Sickle cell disease is a rare, inherited disorder in which red blood cells become hard, sticky, and change shape, resembling farm tools. People who have it can sometimes develop vision problems when these sickle-shaped cells get stuck in small blood vessels behind the eye. Sickle retinopathy is an age-dependent process, with older people being at significantly higher risk than younger patients.
To learn more about how the condition manifests in children, researchers at the University of Tennessee Health Science Center conducted a large, retrospective review at their institution. What they found surprised them. One in three children had retinopathy, with 9 percent requiring treatment, suggesting that children need to be screened for vision problems as often as adults with sickle cell disease. The research will be presented today at AAO 2023, the 127th annual meeting of the American Academy of Ophthalmology.
Our data underscore the need for patients — including pediatric patients — with sickle cell disease to receive regular ophthalmologic screening with appropriate systemic and ophthalmic treatment.
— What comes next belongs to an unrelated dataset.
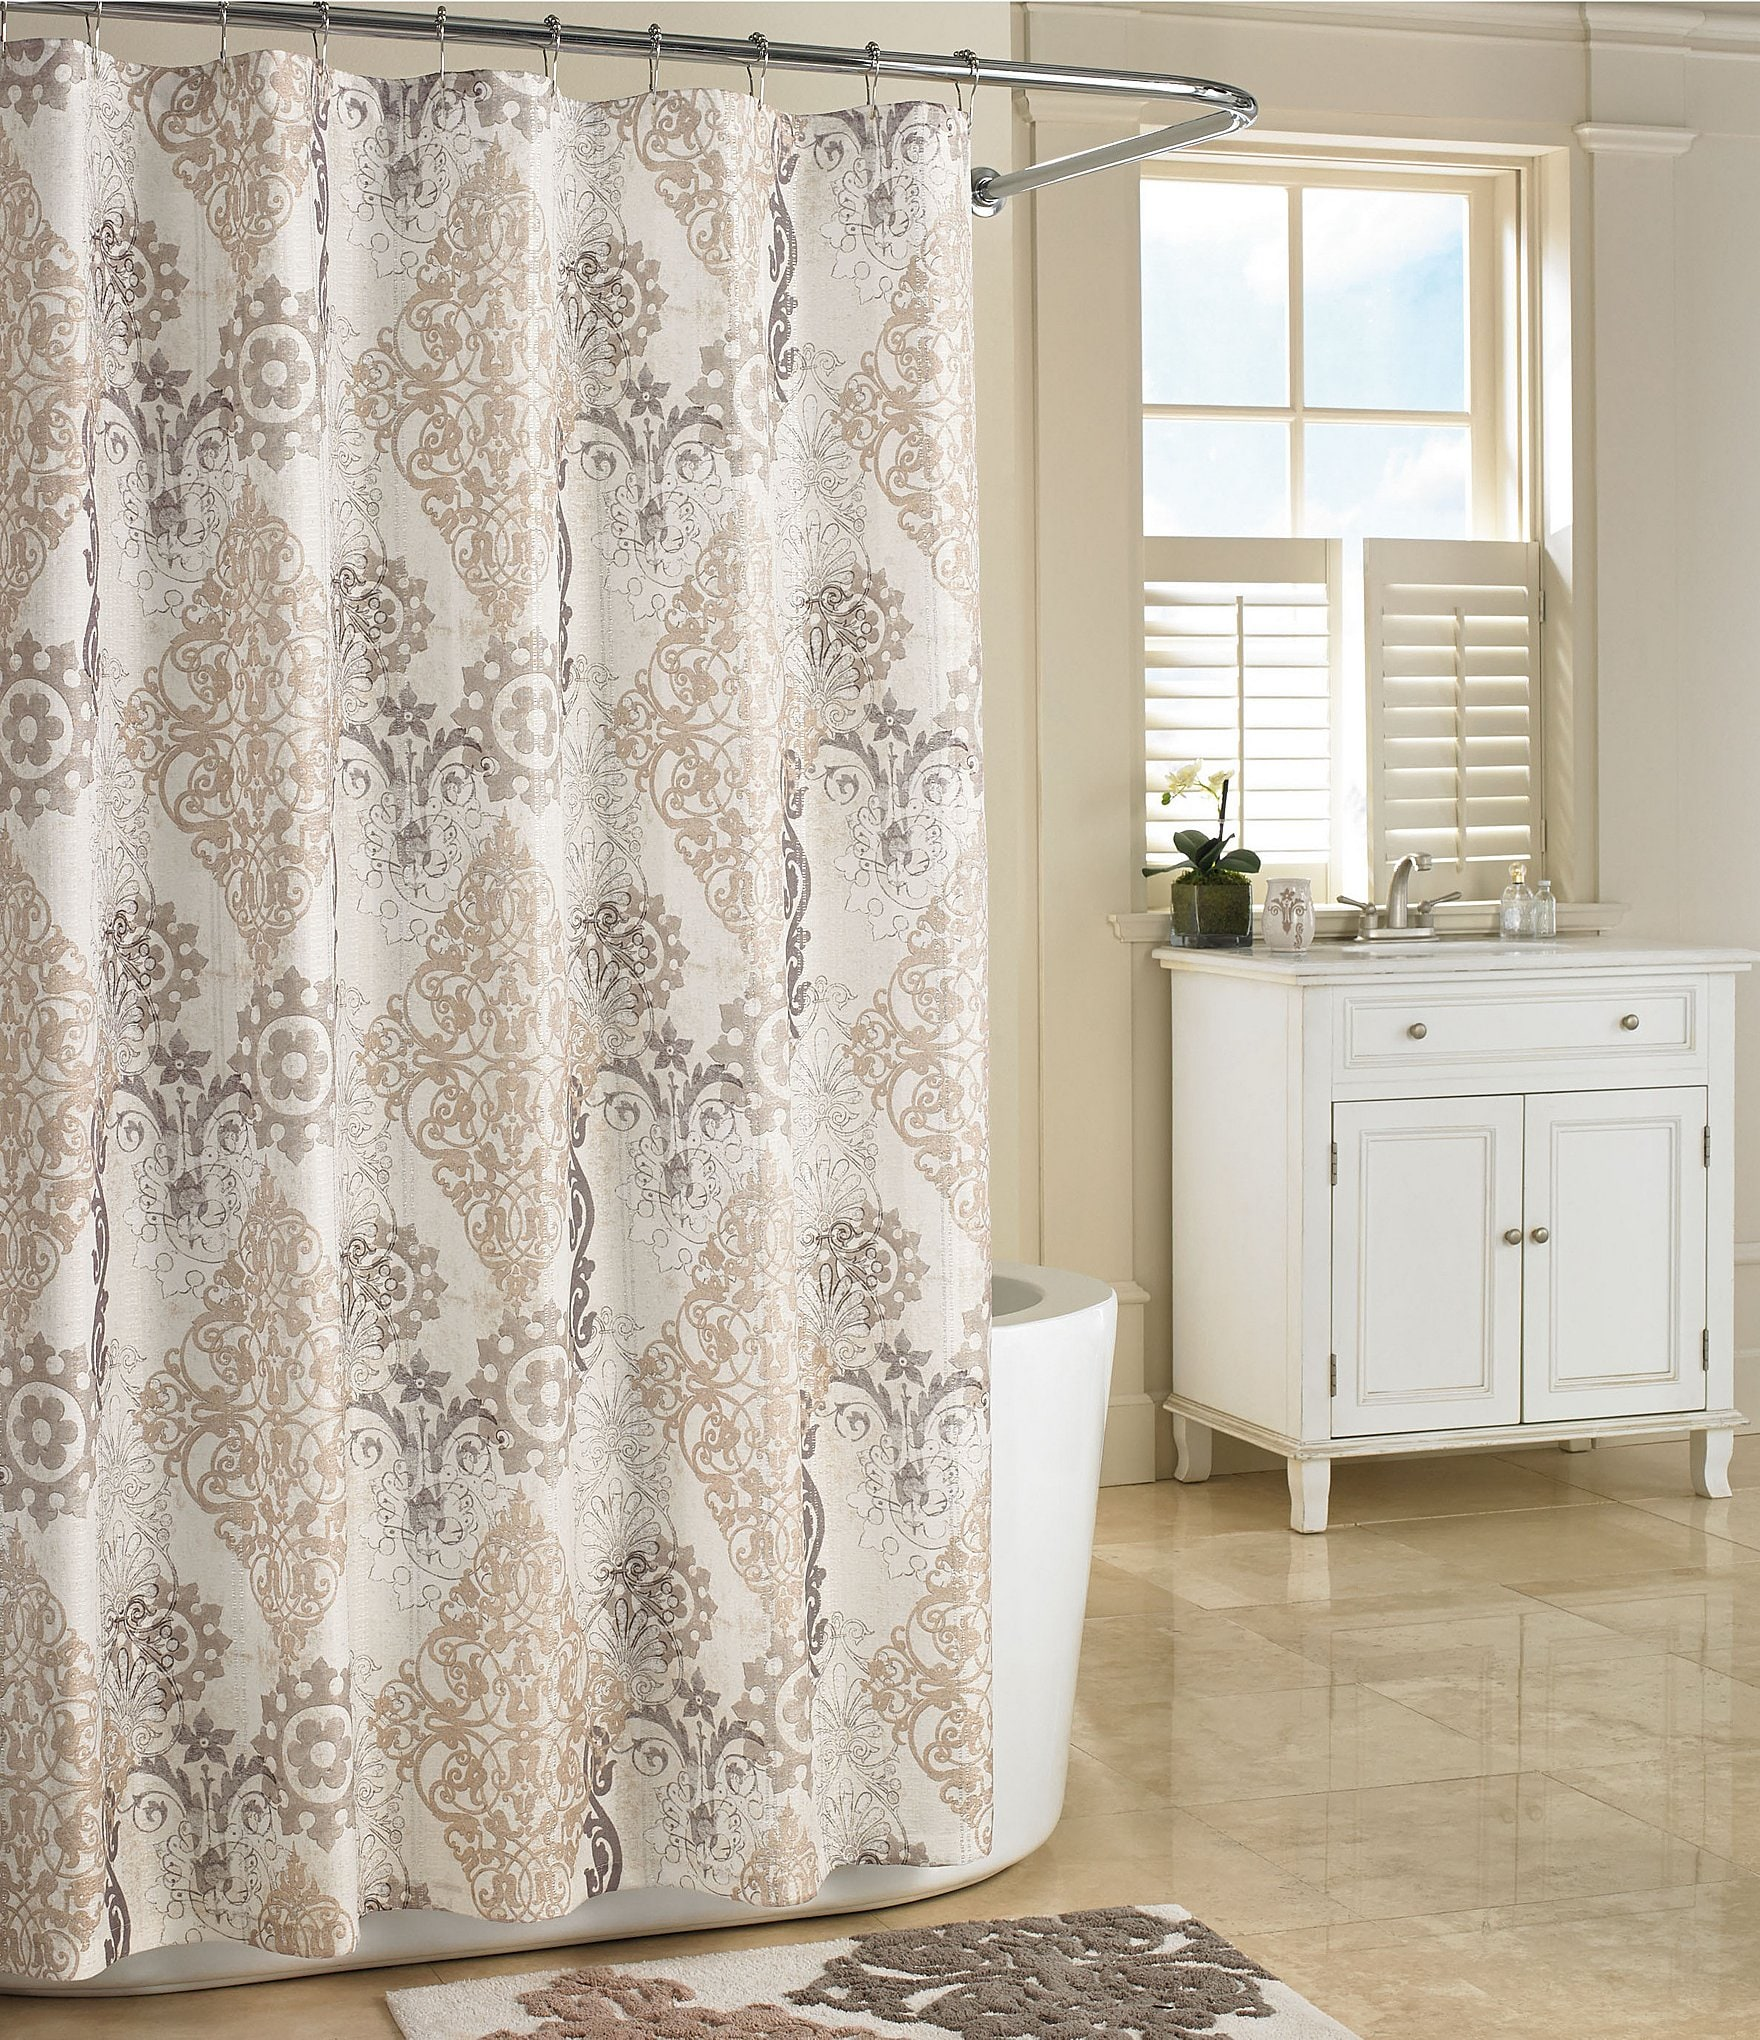 Tahari shower curtains - Tahari Shower Curtains 50

Mary Ellen Hoehn, MD, principal investigator, professor of ophthalmology at the University of Tennessee Health Science Center
Dr. Hoehn and colleagues also evaluated the effectiveness of different therapies for sickle cell disease. They found that hydroxyurea and chronic transfusions were associated with reduced rates of retinopathy, even when accounting for different genotypes.
To conduct the study, they evaluated the records of 652 patients aged 10 to 25 years (median age: 14) who underwent eye examinations (2,240 visits) over a 12-year period. They found:
- 33 percent had nonproliferative retinopathy (NPR).
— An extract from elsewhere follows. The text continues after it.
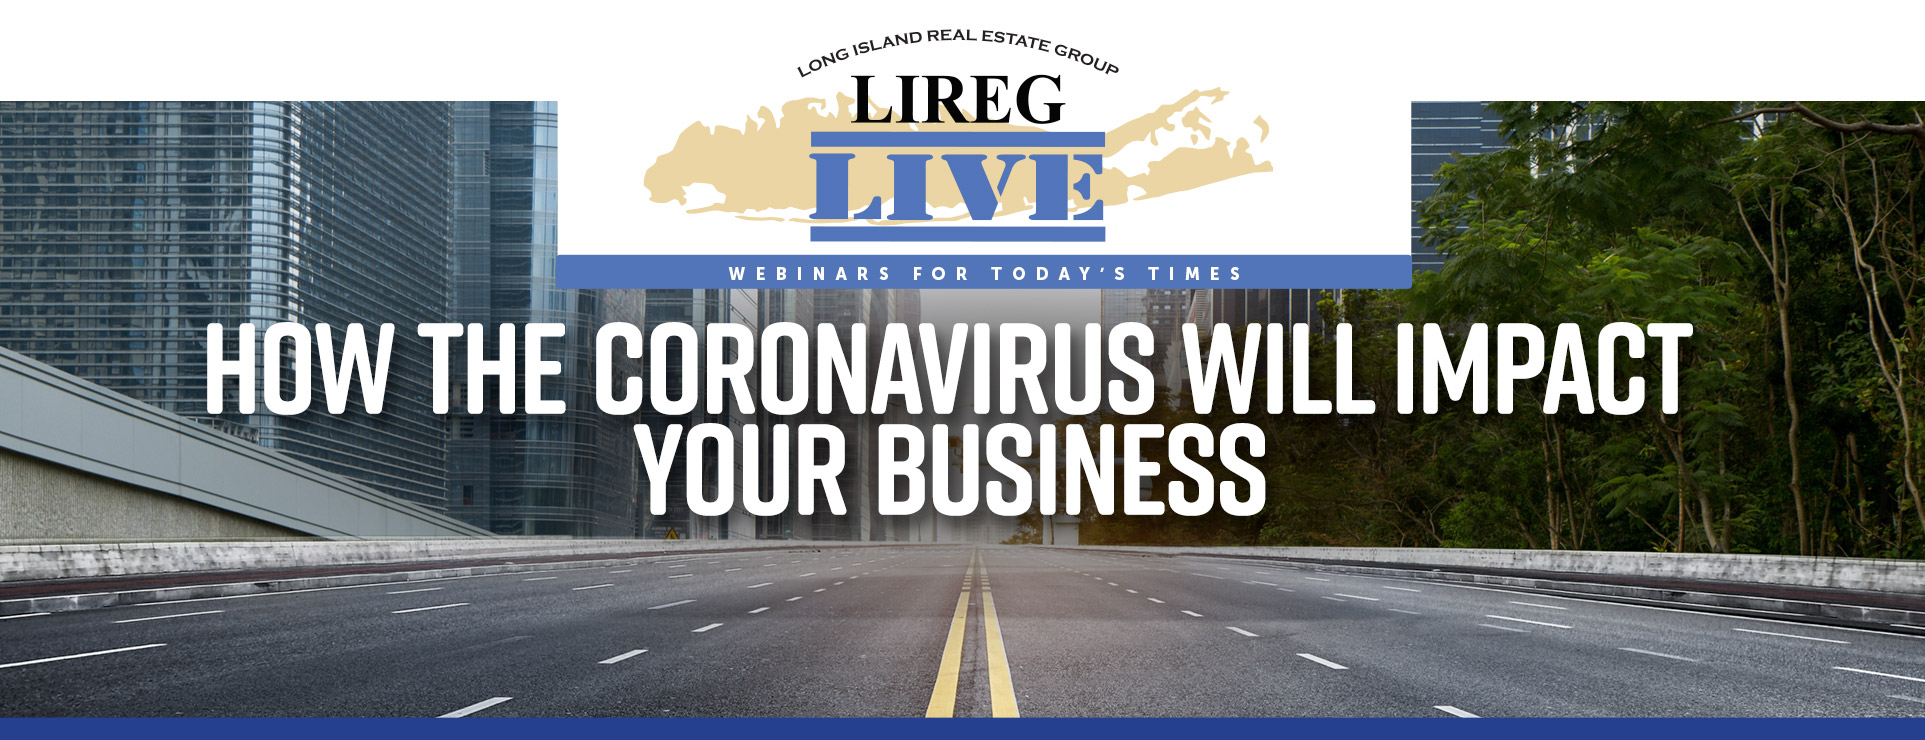 HOW THE CARONAVIRUS WILL IMPACT YOUR BUSINESS

- 6 percent had proliferative retinopathy (PR).
- 33 eyes were treated with panretinal photocoagulation, usually for PR stage 3 (43 percent). Intravitreal anti-VEGF therapy was given in five eyes, all with PR.
- Other complications included retinal detachment and retinal artery occlusion in two patients.
- Visual loss (final best corrected visual acuity 20/60) following complications of sickle cell disease was observed in only one patient with central retinal artery occlusion.
“We hope that people will use this information to better care for patients with sickle cell disease, and more timely ophthalmic screening tests to prevent sight-threatening complications from this disease,” said Dr. Hohen said.